== Given data ==
- - - - - - -
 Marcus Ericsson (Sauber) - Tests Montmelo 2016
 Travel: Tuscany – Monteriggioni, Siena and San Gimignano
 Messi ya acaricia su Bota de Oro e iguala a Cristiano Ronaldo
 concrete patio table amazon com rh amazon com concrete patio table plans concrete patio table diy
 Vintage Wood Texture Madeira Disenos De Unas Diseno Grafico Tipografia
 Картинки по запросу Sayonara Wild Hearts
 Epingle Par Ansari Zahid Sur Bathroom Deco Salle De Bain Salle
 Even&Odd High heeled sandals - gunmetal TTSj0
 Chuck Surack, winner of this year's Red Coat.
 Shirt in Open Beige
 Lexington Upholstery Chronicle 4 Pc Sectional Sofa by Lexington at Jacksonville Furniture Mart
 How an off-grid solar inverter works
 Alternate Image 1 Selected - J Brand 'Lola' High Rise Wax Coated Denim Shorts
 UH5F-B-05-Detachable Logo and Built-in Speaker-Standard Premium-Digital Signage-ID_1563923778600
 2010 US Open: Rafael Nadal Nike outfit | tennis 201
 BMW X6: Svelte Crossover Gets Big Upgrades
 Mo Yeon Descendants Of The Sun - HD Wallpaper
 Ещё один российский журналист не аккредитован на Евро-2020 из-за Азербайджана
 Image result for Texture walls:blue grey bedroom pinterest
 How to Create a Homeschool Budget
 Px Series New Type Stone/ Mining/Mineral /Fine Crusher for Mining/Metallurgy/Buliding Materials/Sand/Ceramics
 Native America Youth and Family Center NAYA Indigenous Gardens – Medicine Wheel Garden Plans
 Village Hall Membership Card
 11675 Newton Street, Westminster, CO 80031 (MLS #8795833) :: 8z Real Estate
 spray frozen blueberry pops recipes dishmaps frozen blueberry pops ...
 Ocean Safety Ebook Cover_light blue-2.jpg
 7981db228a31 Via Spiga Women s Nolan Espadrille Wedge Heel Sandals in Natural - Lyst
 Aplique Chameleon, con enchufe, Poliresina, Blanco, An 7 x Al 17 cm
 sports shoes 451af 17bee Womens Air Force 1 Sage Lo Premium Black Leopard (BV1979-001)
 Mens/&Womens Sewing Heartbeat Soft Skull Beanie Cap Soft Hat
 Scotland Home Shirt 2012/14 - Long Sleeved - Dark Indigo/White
- - - - - - -
Go through the data above from its first line and copy each line exactly, stopping once the line with "How an off-grid solar inverter works" has been copied.

== Task answer ==
 Marcus Ericsson (Sauber) - Tests Montmelo 2016
 Travel: Tuscany – Monteriggioni, Siena and San Gimignano
 Messi ya acaricia su Bota de Oro e iguala a Cristiano Ronaldo
 concrete patio table amazon com rh amazon com concrete patio table plans concrete patio table diy
 Vintage Wood Texture Madeira Disenos De Unas Diseno Grafico Tipografia
 Картинки по запросу Sayonara Wild Hearts
 Epingle Par Ansari Zahid Sur Bathroom Deco Salle De Bain Salle
 Even&Odd High heeled sandals - gunmetal TTSj0
 Chuck Surack, winner of this year's Red Coat.
 Shirt in Open Beige
 Lexington Upholstery Chronicle 4 Pc Sectional Sofa by Lexington at Jacksonville Furniture Mart
 How an off-grid solar inverter works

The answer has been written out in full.